Birmingham, Jefferson County, Alabama: 1990 and 2000 census tracts 14, 15, 16, 24, 27, 29, 42, 45, 47.01, 47.02, 48, and 49.
About the Vendors
Applied Geographic Solutions
Applied Geographic Solutions, Inc.(AGS) is a leading supplier of premium quality demographic and marketing databases and drive-time software.
Web site: http://www.appliedgeographic.com
Claritas has provided state-of-the-art, targeted solutions for your consumer and business marketing issues.
Web site: http://www.claritas.com
ESRI Business Information Solutions provides data, demographics, desktop software, segmentation, online reports, mapping and marketing analysis to many industries, non-profits and government agencies.
Web site: http://demographics.caci.com
MapInfo is a global company and software technology leader.
Web site: http://www.mapinfo.com
US Census Bureau
The US Census Bureau is part of the Department of Commerce.
Web site: http://www.census.gov
The Tau1 Test
This statistical test is measures the mean value (average) when using 10 or fewer numbers to calculate the mean.To calculate the tau1 value you need three things: the calculated mean (or average) of the values, the difference between the largest and smallest value you have (the range), and the value you expect the mean to be (the hypothesized value).
For this article, there were four values used to
calculate the mean.Using the current year population for Aroostook County,
Maine as an example, the four values are 73131, 73303, 73526, and 73507.
To see if the average current year population estimate differs from the
2000 census value calculate the following:
Mean value = (73131 + 73303 + 73526 + 73507) / 4 = 73367
Range = 73526 - 73131 = 395
2000 population = 73938
To see if the average of the current year populations differed from the 2000 census value, calculate
tau1 = (73367 - 73938) / 395 = -1.45
This is a significant difference at a 95% confidence level.(In conducting this test, there is only a 5% chance that we would say the values are different when in fact they are not.)
The same formula was used for each vendor's value,
substituting the individual vendor value for 2000 population in the calculation.

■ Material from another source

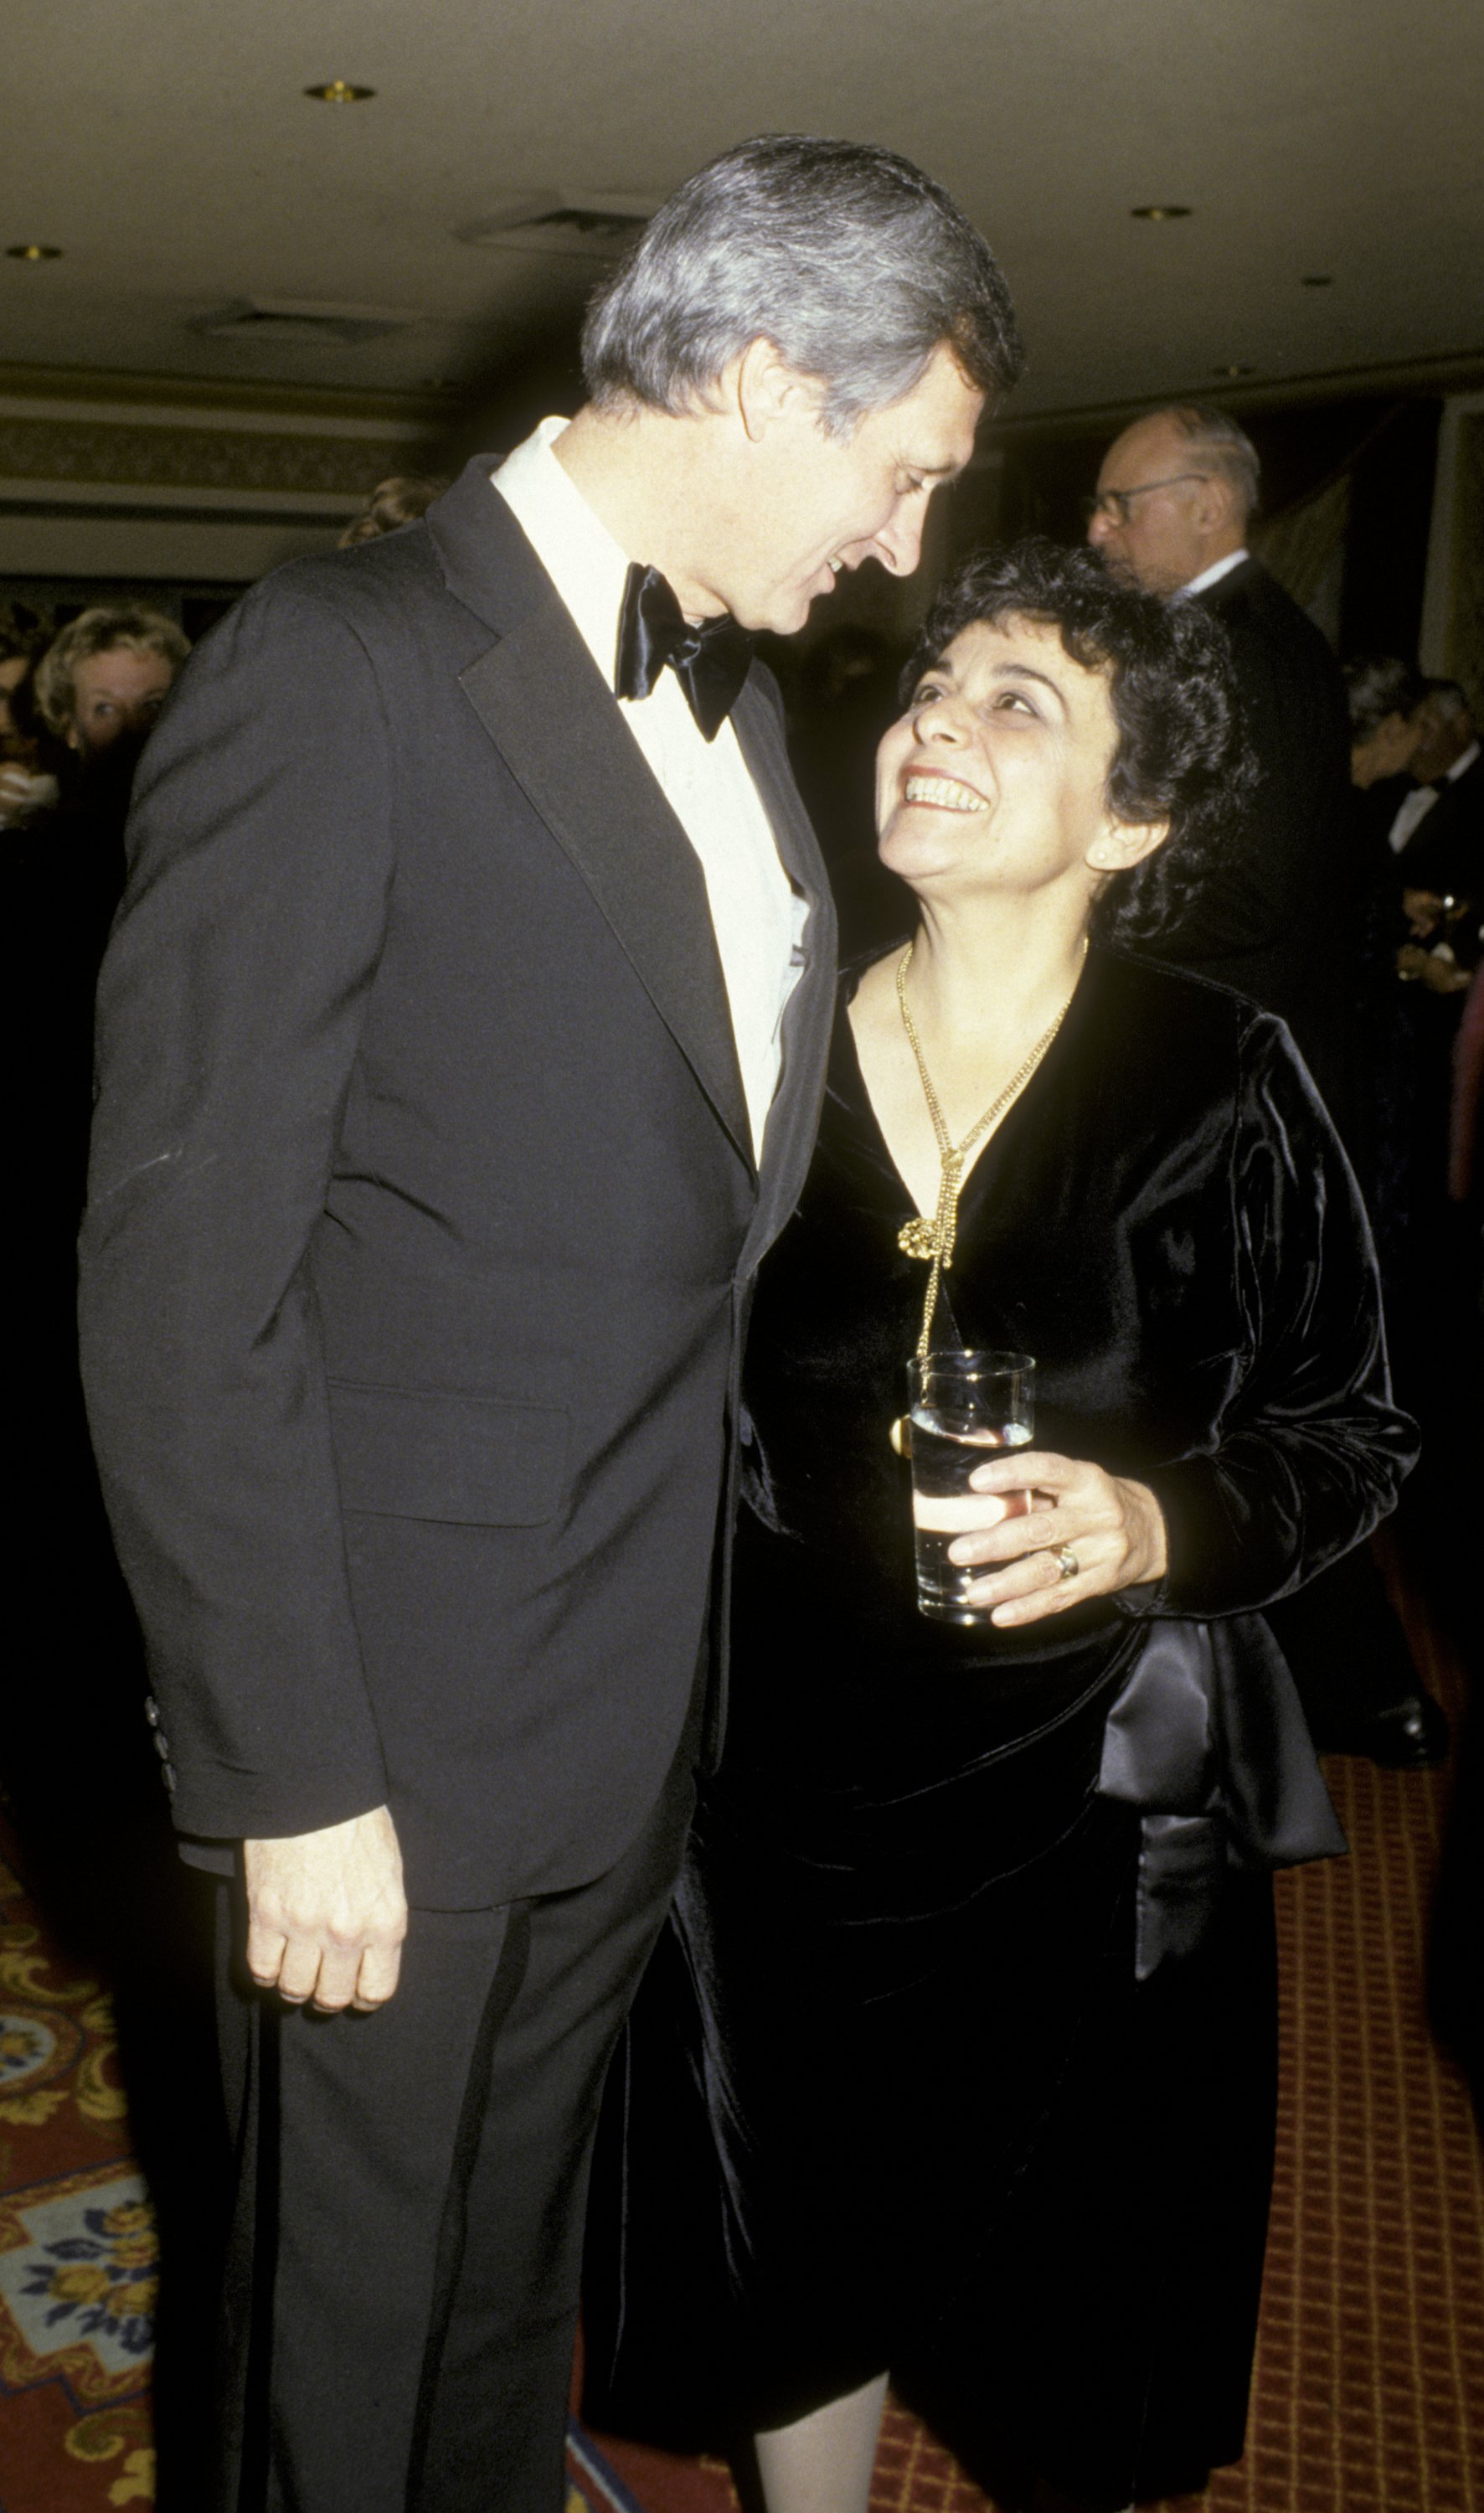 Alan Alda and wife Arlene Weiss attend the First Annual Guild Hall Awards on September 23, 1986 at the St. Regis Hotel in New York City | Source: Getty Images
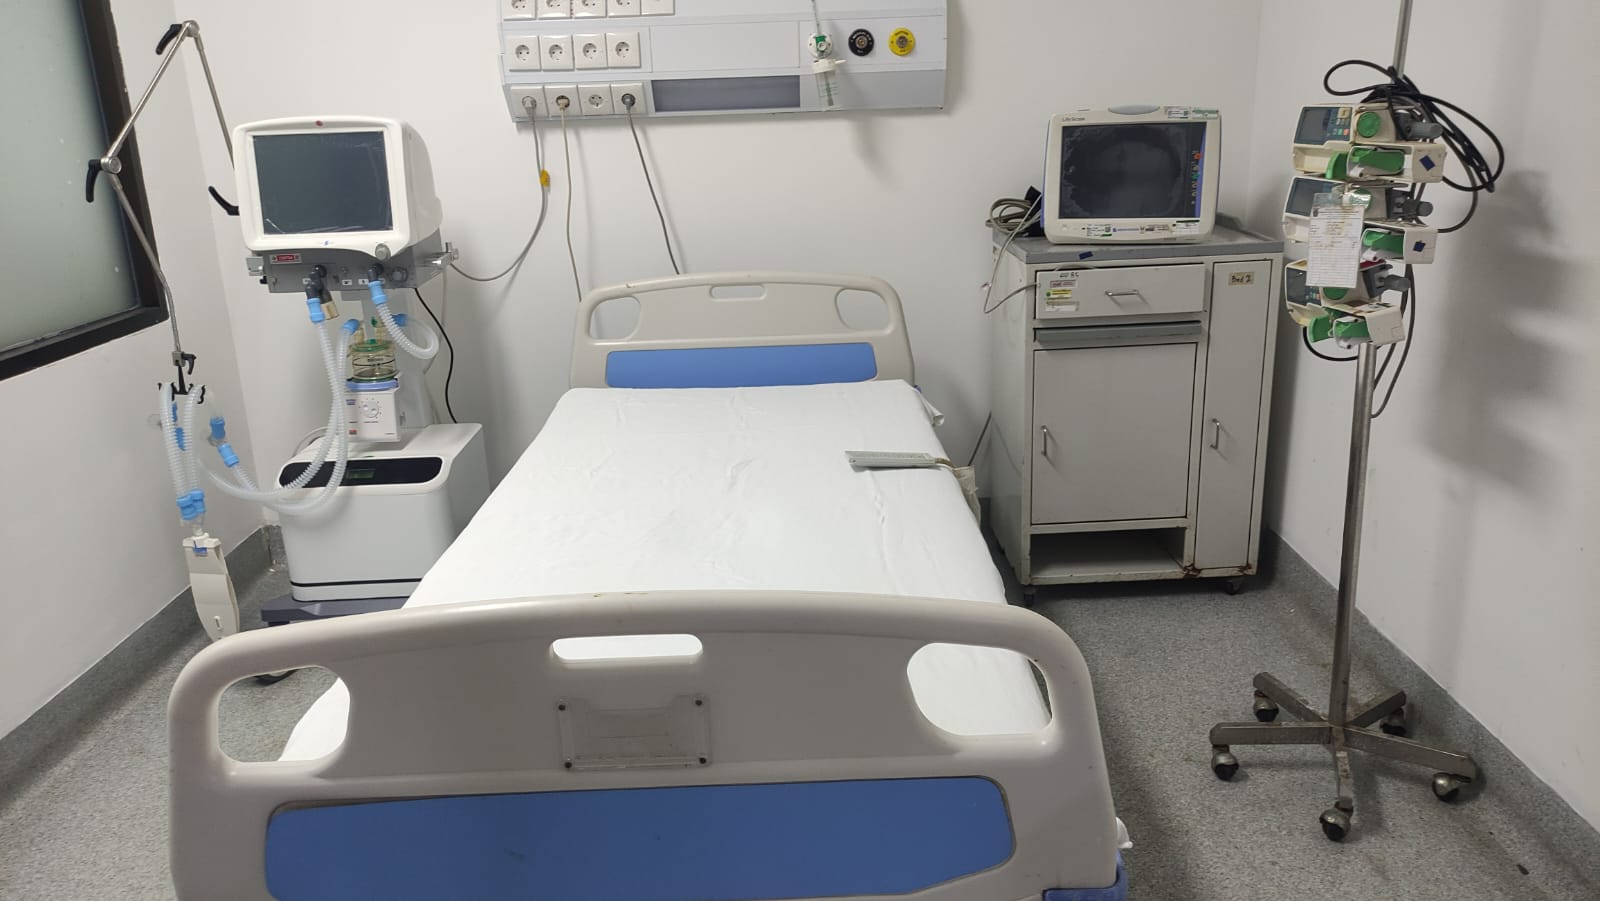 The ventilator installed in one of the hospital rooms

This test determined whether an individual value differed significantly
from the average of all the values.Any tau1 value that was less than -0.717
or greater than 0.717 indicated a significant difference at the 95% confidence
Editor's Note: This article was funded by SRC, a distributor of demographic data.Although we find the article to be written fairly, we wanted to inform the reader that the author was paid by a vendor of software tools and demographics.